É pelo menos isso o que a lei determina, mas esta é
uma regra que pode ser quebrada. Se for declarada urgência o prazo pode ser bem
mais curto, da mesma forma que se houver necessidade de maior análise dos
pedidos de inconstitucionalidade o prazo pode ser excedido sem qualquer
penalização, explica Guilherme da Fonseca, juiz jubilado do Tribunal
Constitucional, em declarações à Renascença.
Inconstitucionalidades “não bloqueiam Estado”
O Governo deve, no caso de serem declaradas
inconstitucionais algumas das normas do OE, preparar soluções alternativas,
defende o social-democrata Nuno Morais Sarmento, lembrando que tal já aconteceu
no passado. O antigo ministro considera, em declarações ao programa “Falar
Claro” da Renascença, que é preciso ter “calma” e lembra que uma eventual
declaração de inconstitucionalidade de uma norma não determina a
inconstitucionalidade de todo o OE 2013.
“Um, dois, três artigos serem declarados
inconstitucionais, dependendo obviamente dos artigos, não determina a
inconstitucionalidade do Orçamento, nem o bloqueamento do Estado. Já aconteceu
várias vezes na história da democracia e, ainda que agora com um impacto maior,
se for esse o caso, cá estaremos para o resolver e para que o país funcione
normalmente”, afirma Nuno Morais Sarmento.
Para o socialista Vera Jardim, o Governo deve
procurar alternativas em caso de chumbo de alguma norma, mas não fica “ferido
de morte” para governar. O antigo ministro da Justiça disse ainda não ser
necessária qualquer revisão da lei fundamental. “Não é a Constituição que
representa um entrave à governação do país.”
PS diz que Governo fez “pressão ilegítima” sobre o
TC
O PS acusa o secretário de Estado do Orçamento de
ter exercido uma pressão ilegítima sobre o Tribunal Constitucional (TC) e exige
saber se o Primeiro-ministro subscreve a atitude assumida por Luís Morais
Sarmento aos microfones da Renascença.
A questão foi colocada pelo secretário nacional do
PS para a Organização, Miguel Laranjeiro, depois de Luís Morais Sarmento, em
entrevista à Renascença, ter admitido que se o TC decidir pela
inconstitucionalidade de algumas normas do OE 2013 pode estar em causa a
capacidade de Portugal cumprir o programa de ajuda externa.
“Estamos perante uma maioria arrogante e
desorientada também no que diz respeito à fiscalização da constitucionalidade
do Orçamento do Estado para 2013. O secretário de Estado do Orçamento fez
declarações inaceitáveis e que configuram uma pressão ilegítima sobre o
Tribunal Constitucional”, declarou, ontem, Laranjeiro.
“O Primeiro-ministro deve dizer aos portugueses se
subscreve as declarações do seu membro do Governo.
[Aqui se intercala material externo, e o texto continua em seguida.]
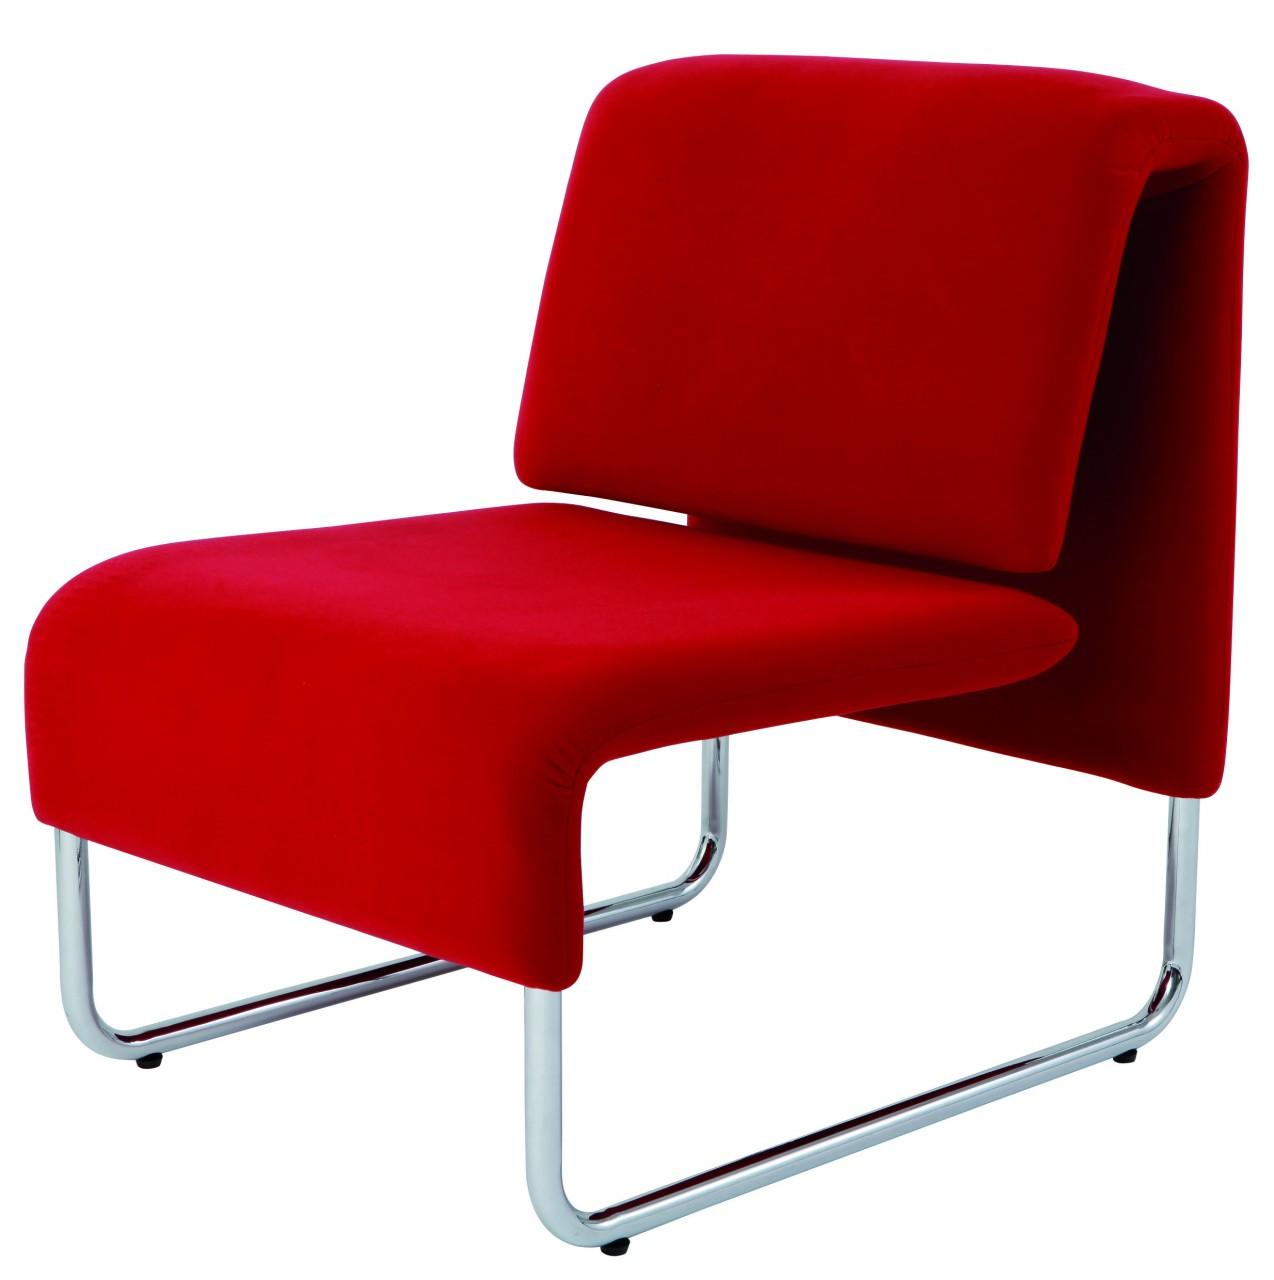 fauteuil d 39 accueil fortis achat fauteuils d 39 accueil canap s 309 00. Black Bedroom Furniture Sets. Home Design Ideas

Se nada disser, então estará
a aceitar uma pressão do Governo sobre um tribunal, o que não é de todo
aceitável em democracia”, sustentou.
Interrogado sobre quais as alternativas que o PS
irá propor caso algumas das normas do Orçamento do Estado para 2013 sejam
consideradas inconstitucionais, Miguel Laranjeiro contrapôs que antes de tudo
importa esperar pela decisão do TC.
O PCP e o Bloco de Esquerda vão mais longe e
defendem que o Primeiro-ministro deve um pedido de desculpas ao país.
Comunistas e bloquistas dizem que as declarações de Luís Morais Sarmento à
Renascença são uma “inaceitável pressão” sobre o TC.
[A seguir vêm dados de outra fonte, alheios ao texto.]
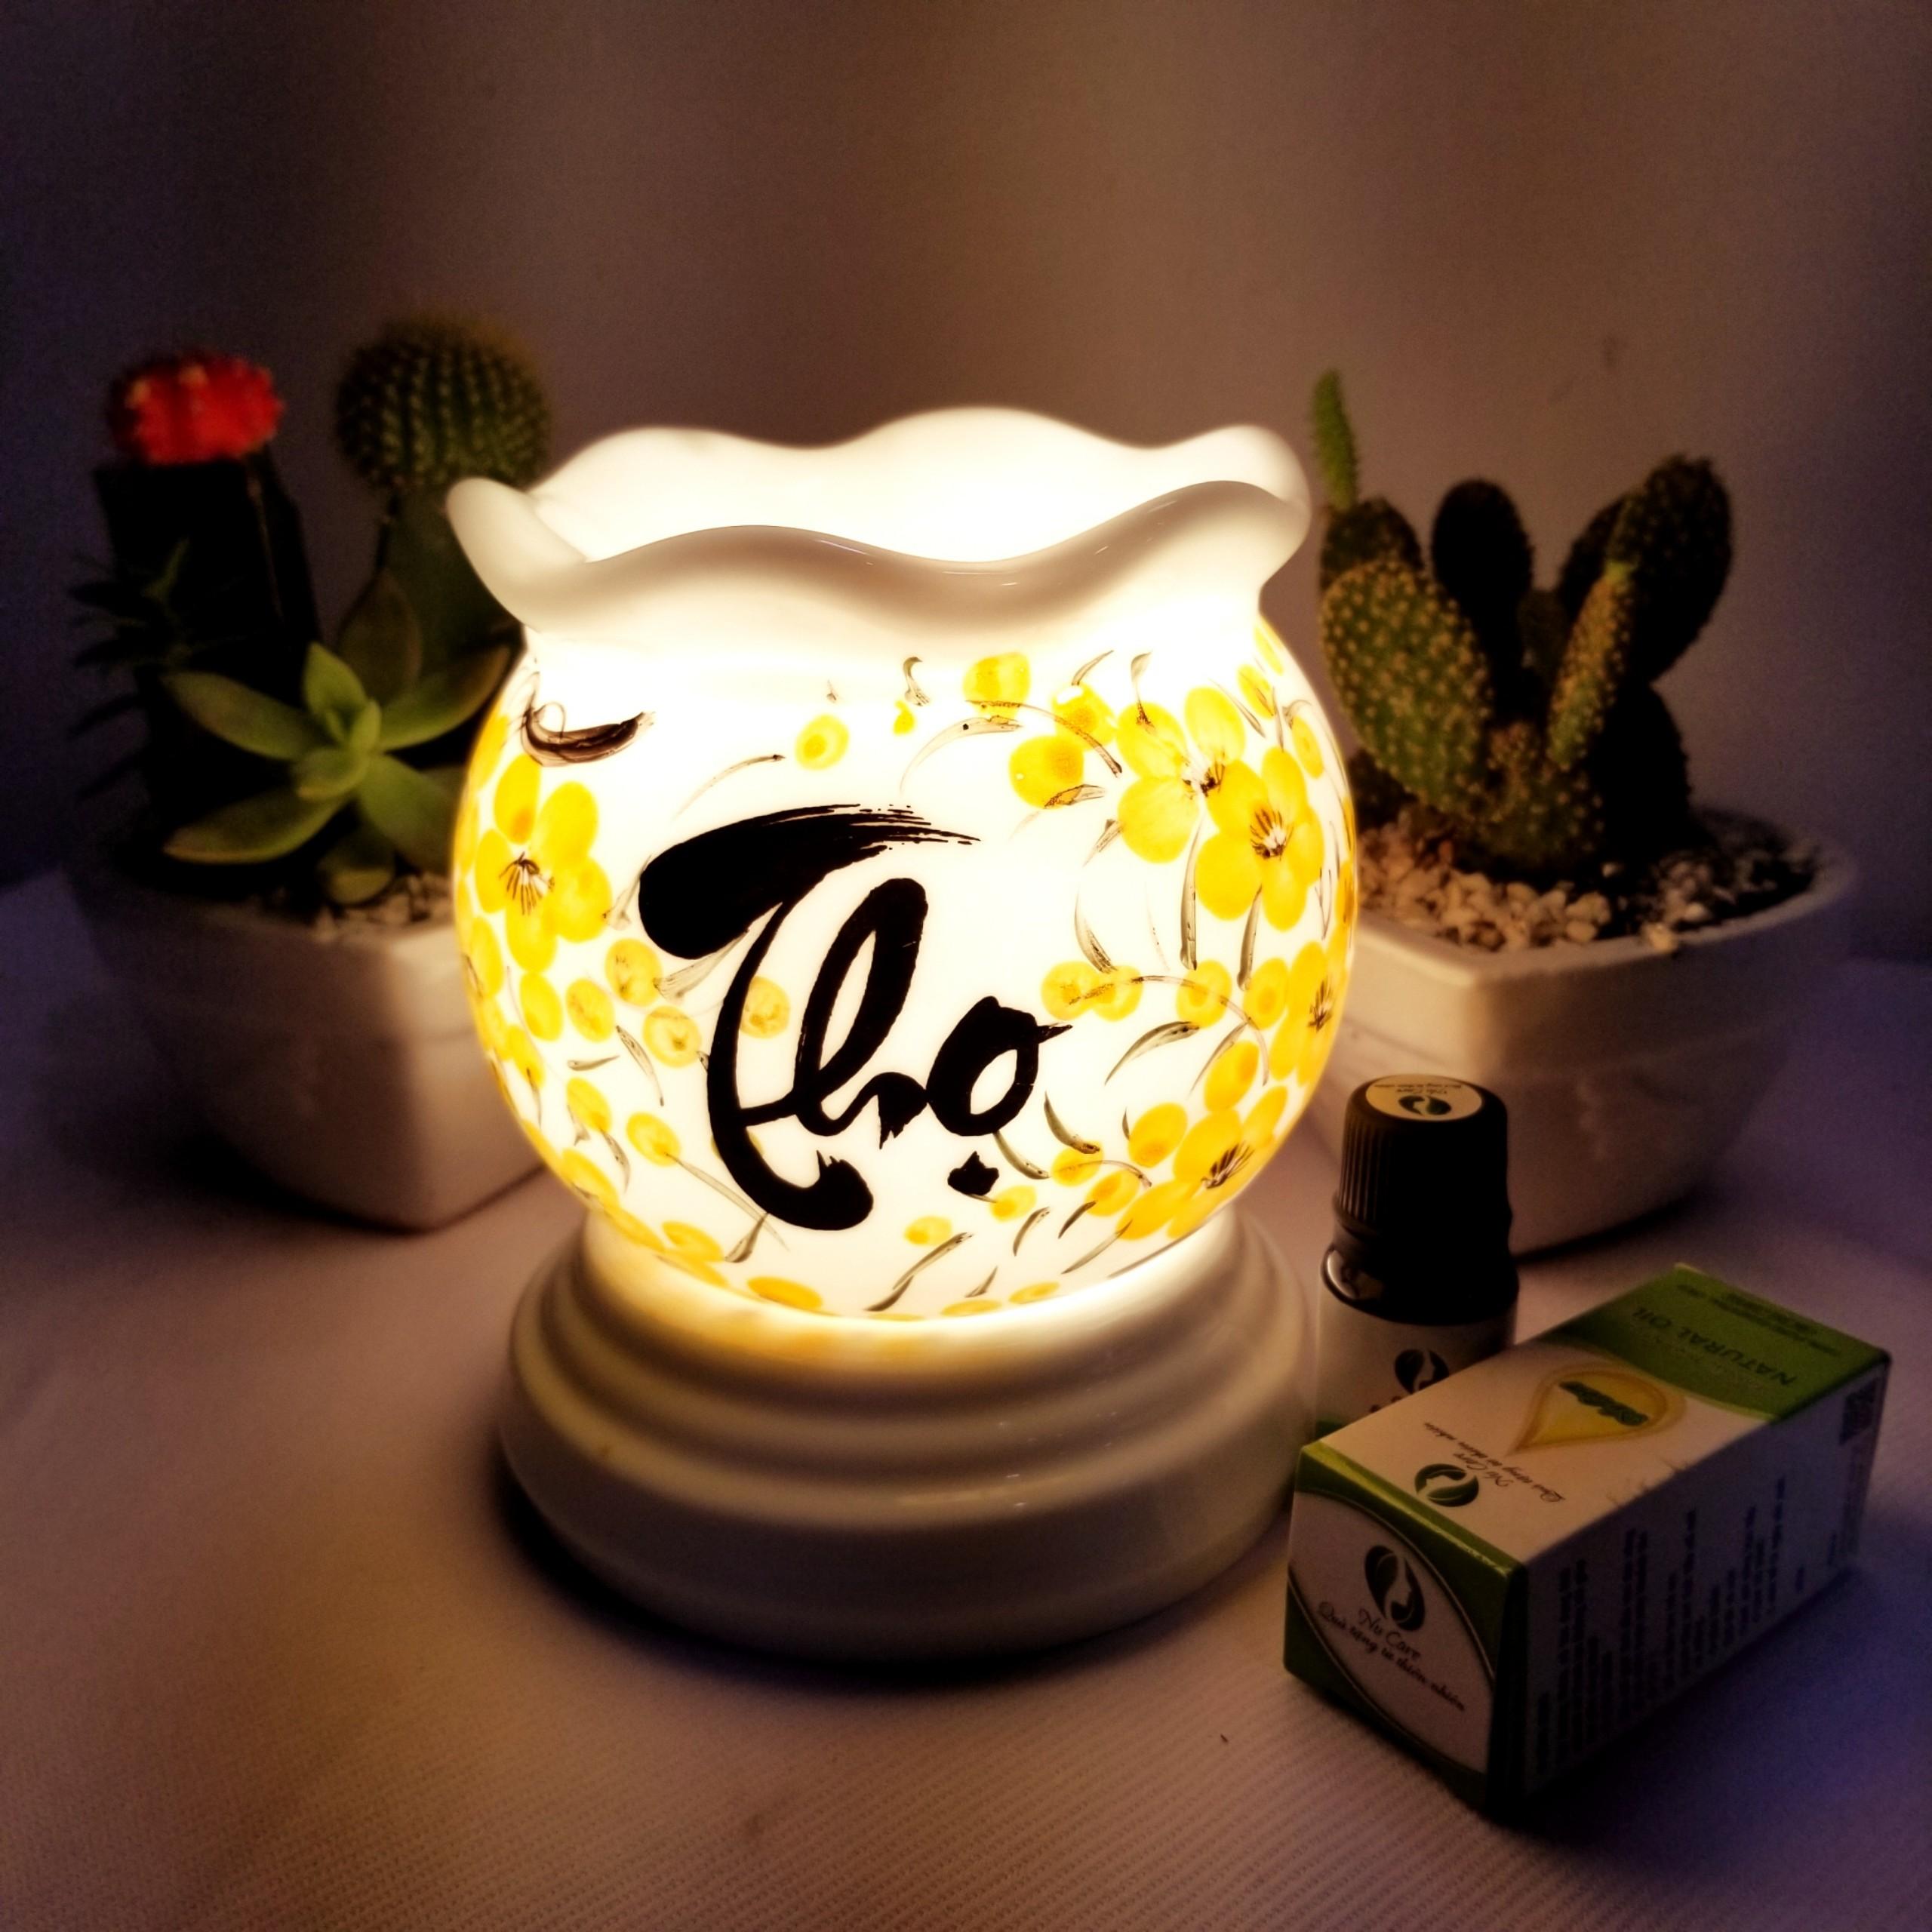 Mua đèn xông tinh dầu nhà đẹp giá rẻ / cung cấp sỉ lẻ đèn xông tinh dầu uy tín

“As afirmações do secretário de Estado do Orçamento
são uma forma de pressão política sobre um tribunal soberano”, critica Luís
Fazenda, do Bloco de Esquerda.
As afirmações de Morais Sarmento “vinculam o
Governo, que está neste momento num silêncio inaceitável”, aponta o deputado
bloquista. Fazenda defende ainda que o Primeiro-ministro “devia pedir desculpas
ao país. Ou bem que este aceita a Constituição ou não manda recados através de
secretários de Estado para que haja uma circunstância em que o programa da
troika, em que a intervenção externa colide com um texto constitucional
fundamental”, atira.
O deputado do Bloco prestou declarações na altura
em que seu partido, o PCP e Os Verdes entregaram um pedido conjunto de
fiscalização sucessiva do OE. No documento são questionadas dez normas,
incluindo dúvidas sobre as alterações ao IRS.